Re: Modeling Data for XML instead of SQL-DBMS

From: mAsterdam <mAsterdam_at_vrijdag.org>
Date: Sun, 29 Oct 2006 13:29:26 +0100
Message-ID: <45449ea6$0$324$e4fe514c_at_news.xs4all.nl>


dawn wrote:
> mAsterdam wrote:

>> dawn wrote:
>>> mAsterdam wrote:
>>>> dawn wrote:
>>>>> mAsterdam wrote:
>>>>>> Hierarchy (trees of nodes),
>>>>>> is what IMS, documents, file systems, XML, Lotus Domino
>>>>>> and LDAP as data containers have in common.

>>>>> I think of the XML model as a di-graph where there are trees on the
>>>>> nodes, rather than a tree of nodes (it is only an individual document
>>>>> without xlink or external code joining them).  Look at each web page
>>>>> that is written with xhtml.  It is a tree, but there are links (<a
>>>>> href...>) from one page to another that form it into a di-graph. >>>>> MV/Pick files are somewhat similar.

>>>> A unix filesystem is - at shell level - a tree.

>>> Yes, while the DBMS tools of which I am aware do not employ a tree at
>>> the "top level" in their model.  A set of XML documents may include
>>> links (one way or another) within or between them (think of XHTML).
>>> Given a set of XML documents, there is no single "node" that is "the
>>> root", even though each document has a root and can be seen as a tree.

>> You are still/again mixing data and implementation :-(

> I'll believe you could be right on that point and add that if that is
> the case, then it doesn't seem to be a huge problem in practice to do
> so. I will add that I still think I can work with designing any
> portion of a web without caring about whether it is implemented using
> an RDBMS or a distributed network with http...
>

>> I'll try to spell it, though we already did go into this in
>> quite some detail a year or so ago.

>
> Yes, I recall, so we might be on a thread where we need to agree to
> disagree on some aspect of this.

Agree to disagree on what, exactly?

I re-quoted the part you took apart with interjections:

>> The links are not (logical/user/real) data.
>> They are not. They are really really really not data. 
>> They do not even reference data. They are locators, 
>> pointing to a location, also called pointers.
>> Because they are not data, they are not part 
>> of the whole of the data.

>> Aren't they structural elements then?
>> Yes, they are part of the web (no tree) of documents and parts of >> documents. But they are not data-elements.

<With Interjections>

>> The links are not (logical/user/real) data

>
> They are identifiers.

Links identify web locations, (specific spots in) documents.
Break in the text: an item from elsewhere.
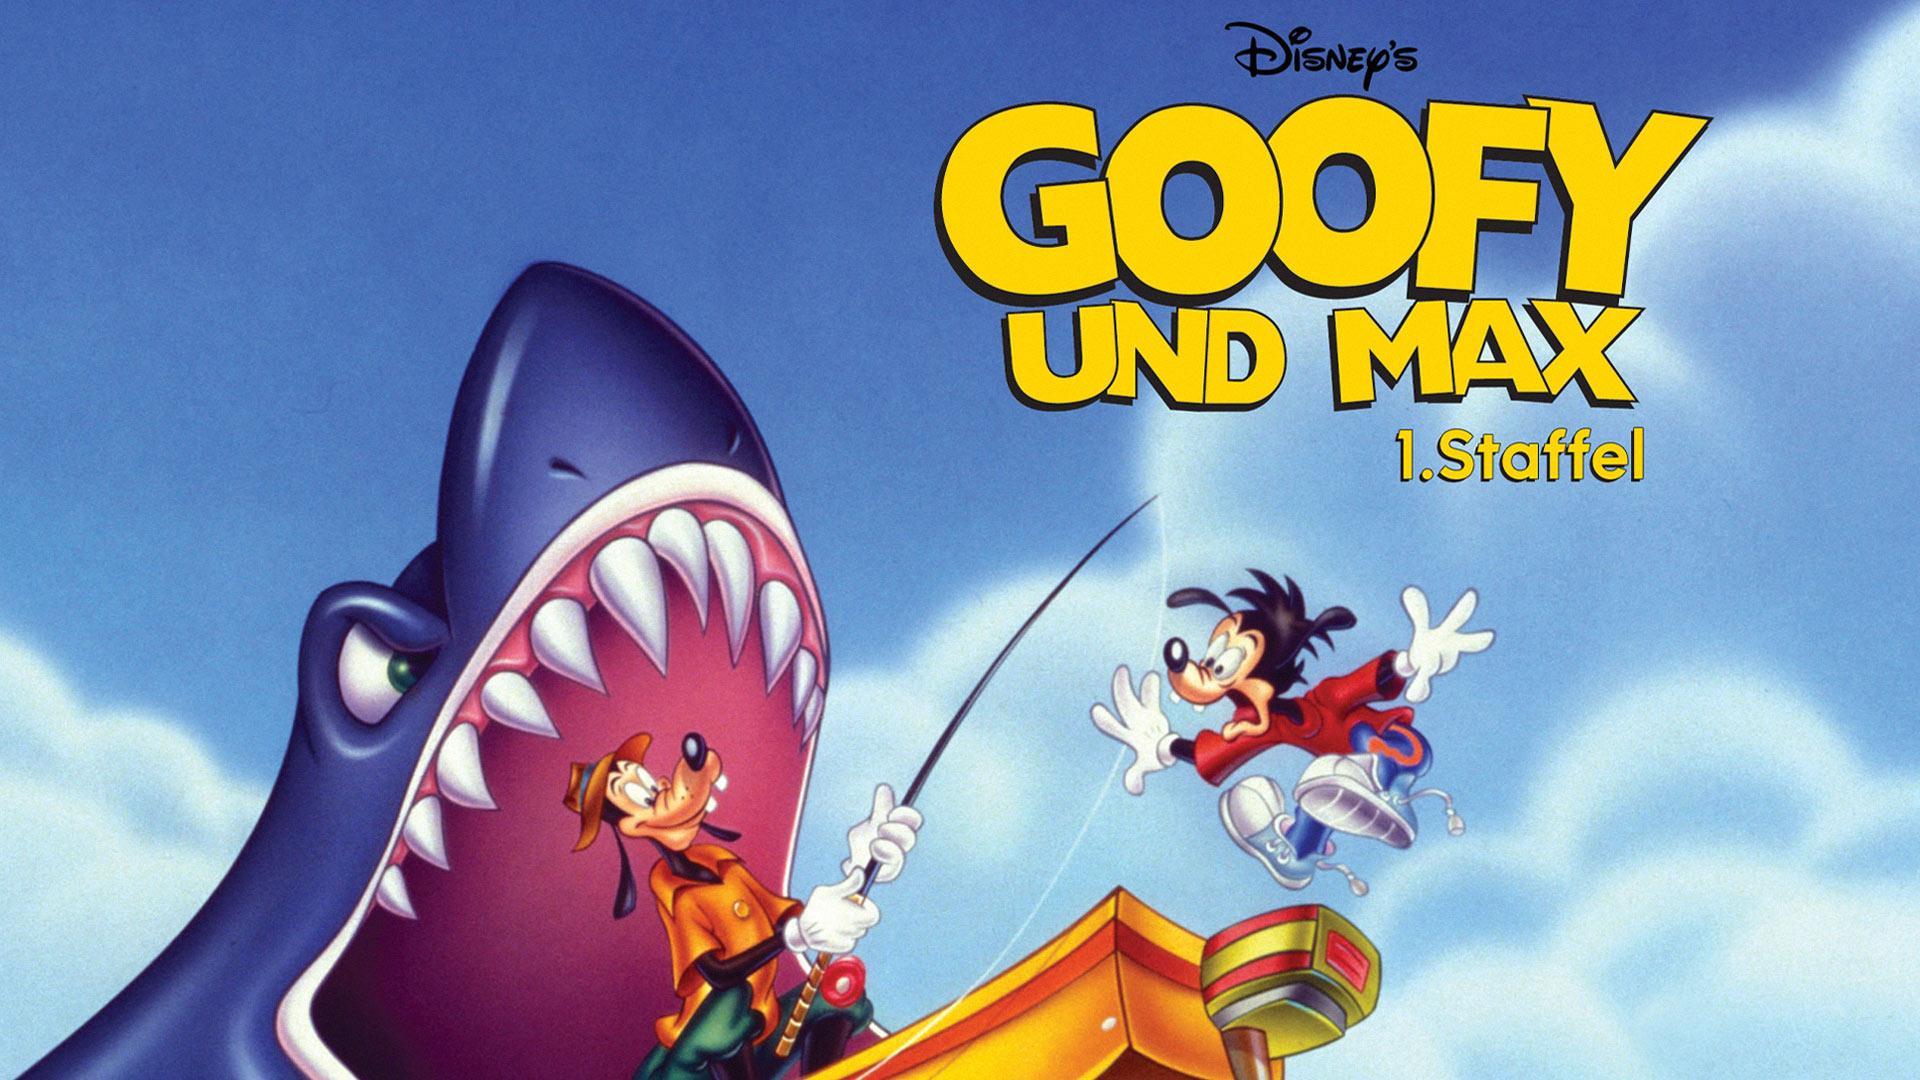 Goofy und Max - Staffel 1 Teil 1

Not (logical/user/real) data. They are part of something else than the universe of discourse of the data-system. IOW they are not in user-space. Links are part of the implementation. Do you agree?

> In DBMS's that have a similar data model, the links are in the schema
> (more like the XML link) rather than associated with data within an
> individual tuple (as with <a href...> )

What do you mean?
DBMS's having a similar data model to what? It is not clear to me what you are saying here.
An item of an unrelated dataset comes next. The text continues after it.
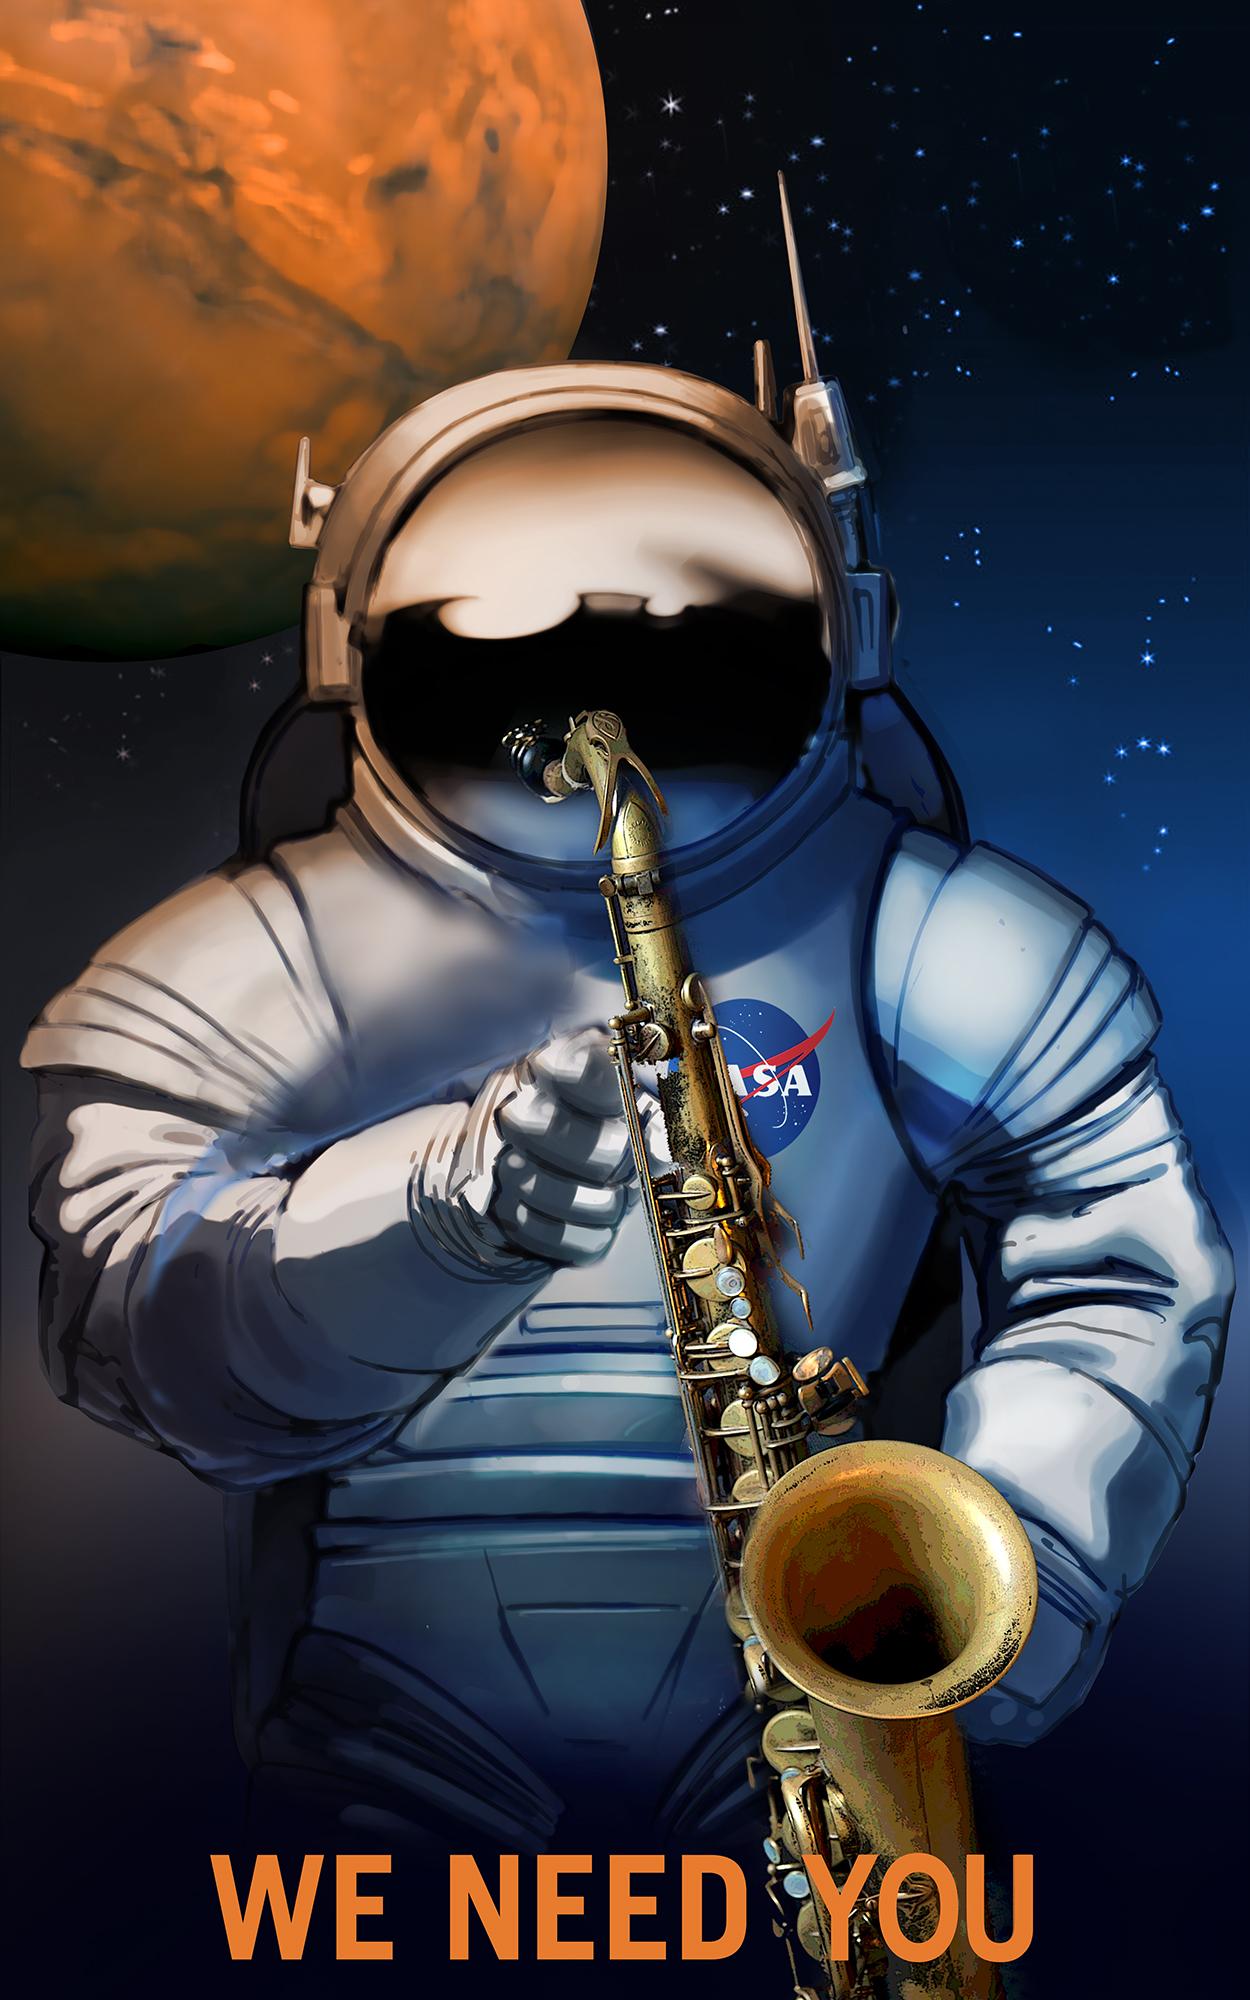 P08-We-Need-You-NASA-Recruitment-Poster.jpg

> I think of these other specified links (e.g. in xml schema, although I
> might be too ignorant in that area) as metadata, whether specified in
> some separate metadata repository or specified in a metadata portion of
> the database itself (as rules are).

That may be the problem.
Metadata is about data.
Links are (*) about locations, not about data.

(*) You may notice that I leave out the word data here. Insofar as they are, they are not real/user/logical data, but implementation (data). It could all be rephrased in terms of two spaces with data: user space, and implementation-space but my guess is for now that would make it harder to discuss it, not easier. When really implementing I think it is unavoidable.
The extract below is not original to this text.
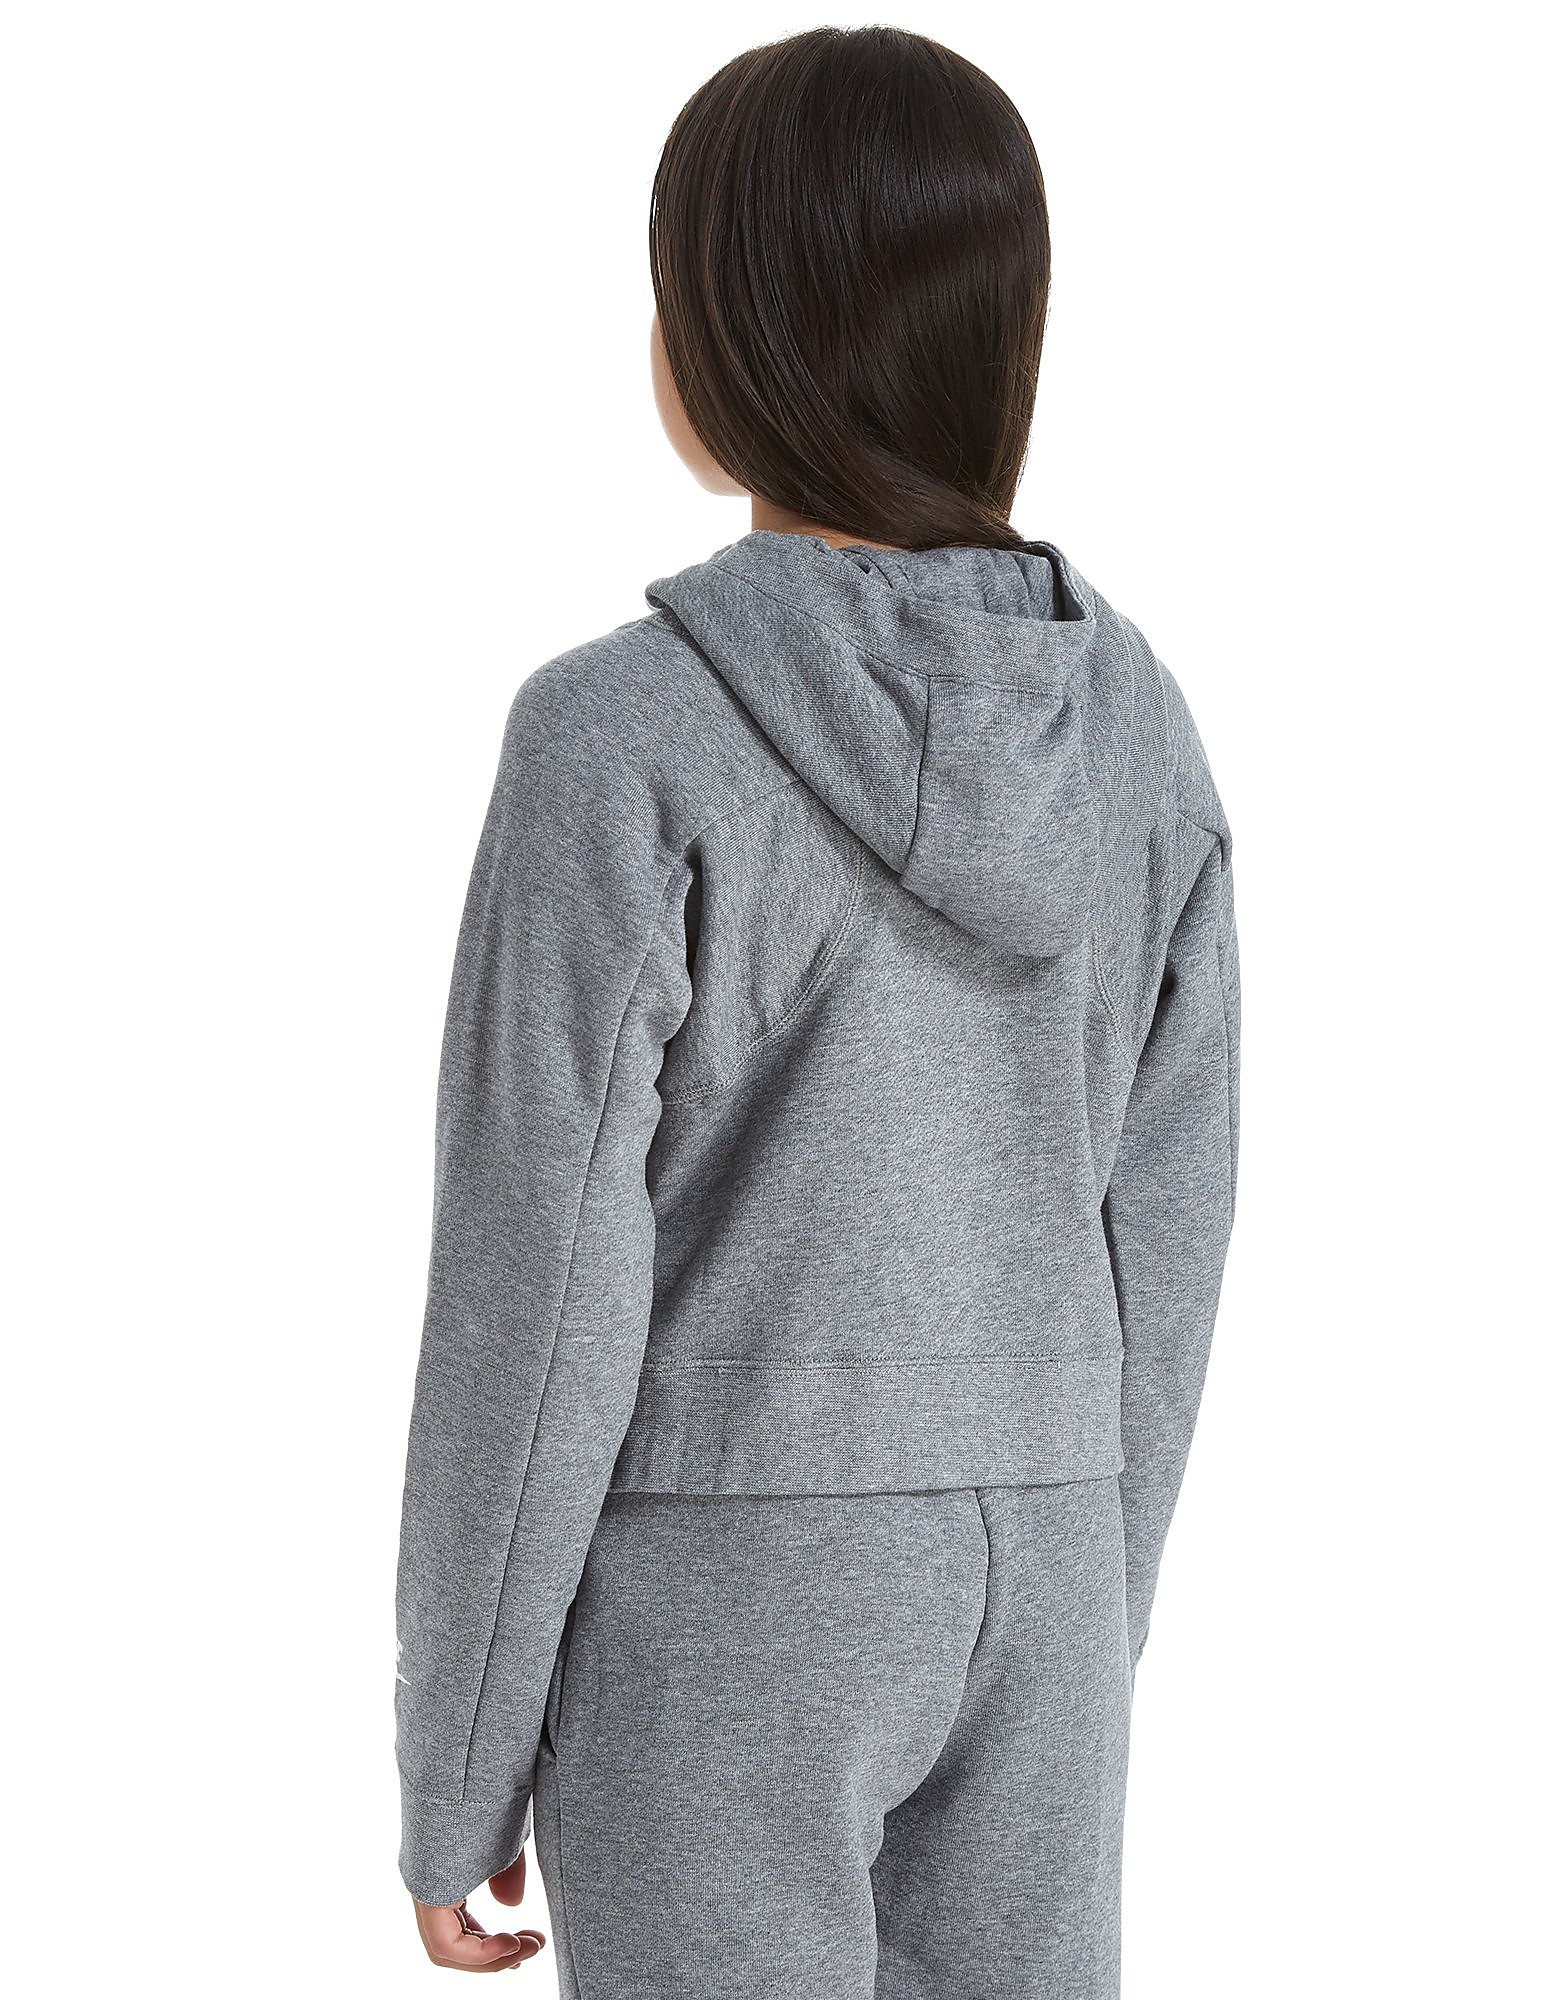 Nike Girls' Just Do It Cropped Hoodie Junior

> For the purpose of identifying the
> mathematical form of the "data model," I don't care how these links are
> specified.

How these links are specified is not an issue.

The issue is which system they are part of. Links are not part of the "data model"
(quoted or not, and whether the mathematical form or some other form, it does not matter).

The links are not (logical/user/real) data.

> In SQL, similar metadata would be in the JOIN clauses of
> SELECTS in CREATE VIEW statements.

No. What is there is about data content, not about locations.

>> (except in the meta case
>> of-course, e.g. content-management systems - but let's keep
>> it simple).

>
> Yes, we can ignore content mgmt for this discussion.
>
>> The links are not (logical/user/real) data.
>> They are not. They are really really really not data.

>
> I look at the abstract, logical model and you seem to be looking at the
> implementation.

I believe you think you are looking at an abstract, logical model.

I think you are making a mistake, right there.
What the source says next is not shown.